Title: Condensing position-specific scoring matrixs by the Kidera factors for ligand-binding site prediction

Authors: Chun Fang; Tamotsu Noguchi; Hayato Yamana

Addresses: Department of Computer Science and Engineering, Waseda University, Tokyo 169-8555, Japan; Computational Biology Research Center (CBRC), Tokyo 135-0064, Japan ' Computational Biology Research Center (CBRC), Tokyo 135-0064, Japan; Pharmaceutical Education Research Center, Meiji Pharmaceutical University, Tokyo 204-0004, Japan ' Department of Computer Science and Engineering, Waseda University, Tokyo 169-8555, Japan

Abstract: Position-specific scoring matrix (PSSM) has been widely used for identifying protein functional sites. However, it is 20-dimentional and contains many redundant features. The Kidera factors were reported to contain information relating almost all physical properties of amino acids, but it requires appropriate weighting coefficients to express their properties. We developed a novel method, named as KSPSSMpred, which integrated PSSM and the Kidera Factors into a 10-dimensional matrix (KSPSSM) for ligand-binding site prediction. Flavin adenine dinucleotide (FAD) was chosen as a representative ligand for this study. When compared with five other feature-based methods on a benchmark dataset, KSPSSMpred performed the best.
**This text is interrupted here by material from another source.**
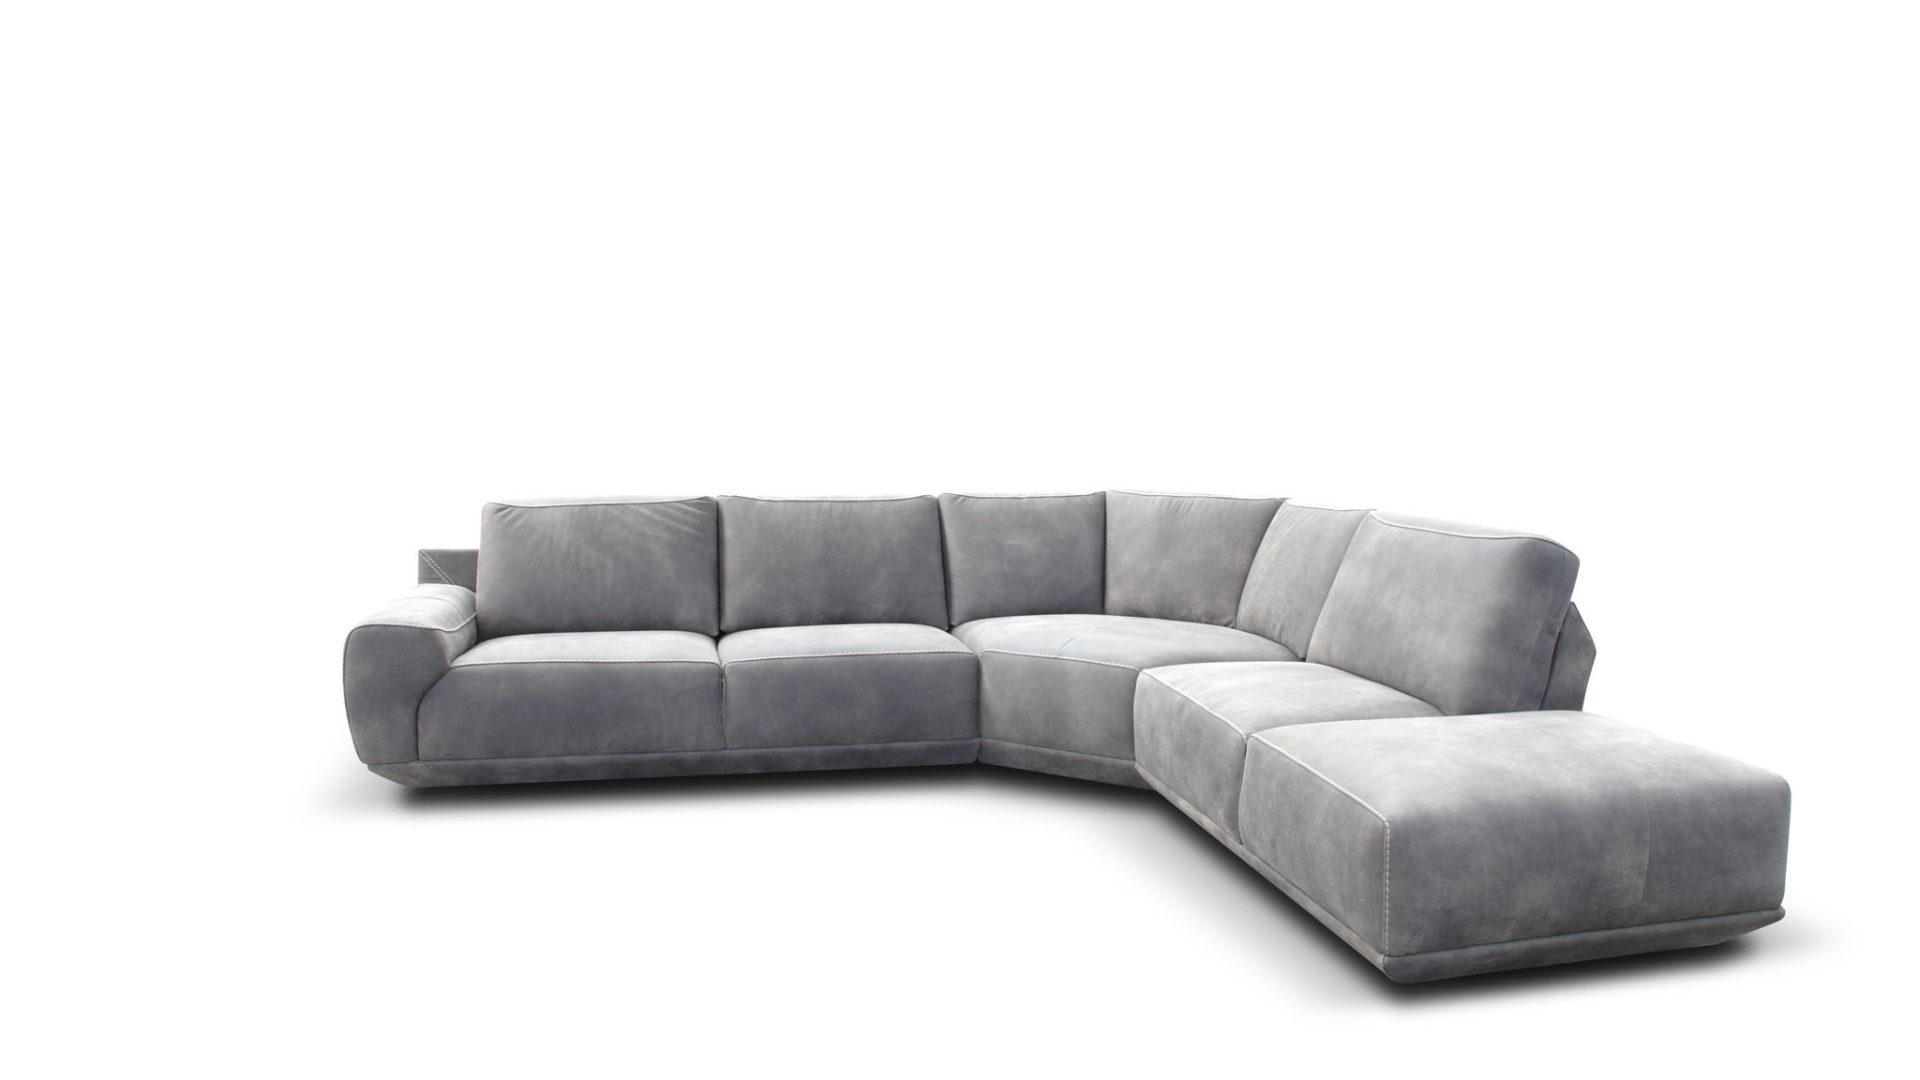 Bracci Sofas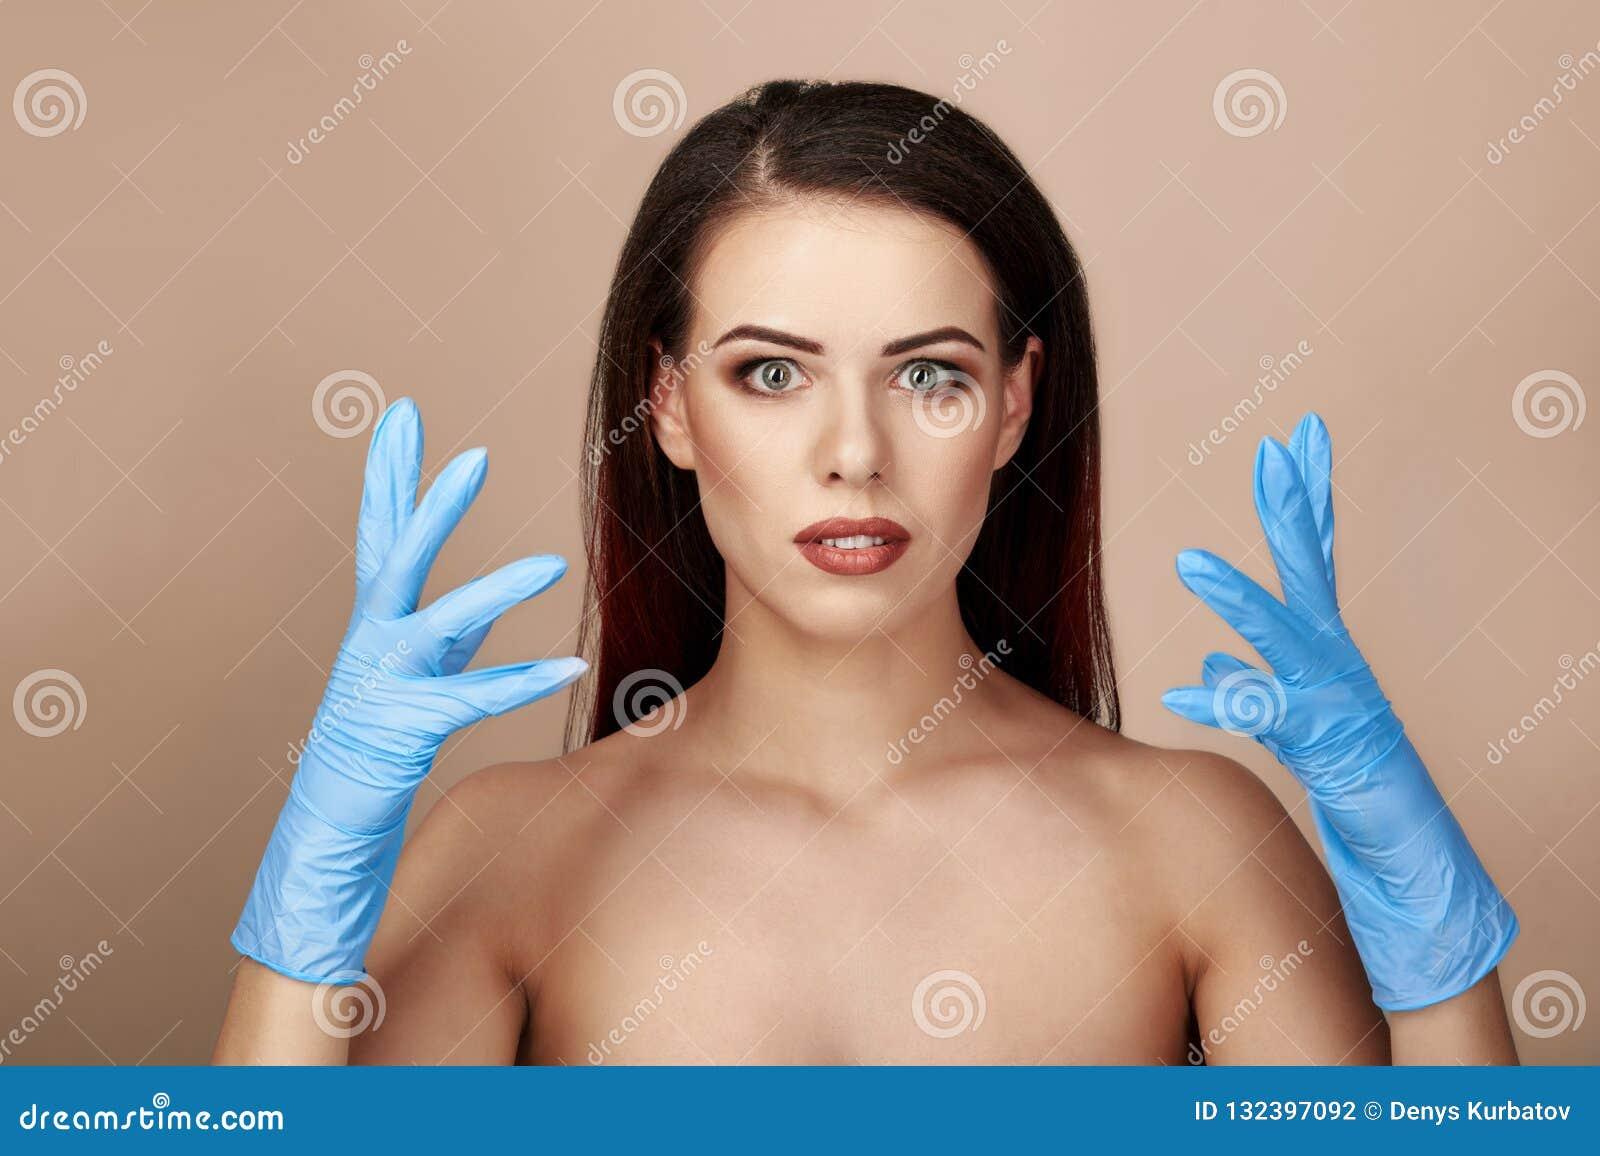 Circumcision fetish penis sensation women preference

This study demonstrates that, KSPSSM is an effective feature extraction method which can enrich PSSM with information relating 188 physical properties of residues, and reduce 50% feature dimensions without losing information included in the PSSM.

Keywords: Kidera factors; position specific scoring matrix; PSSM; ligand binding sites; site prediction; bioinformatics; protein functional sites; feature extraction.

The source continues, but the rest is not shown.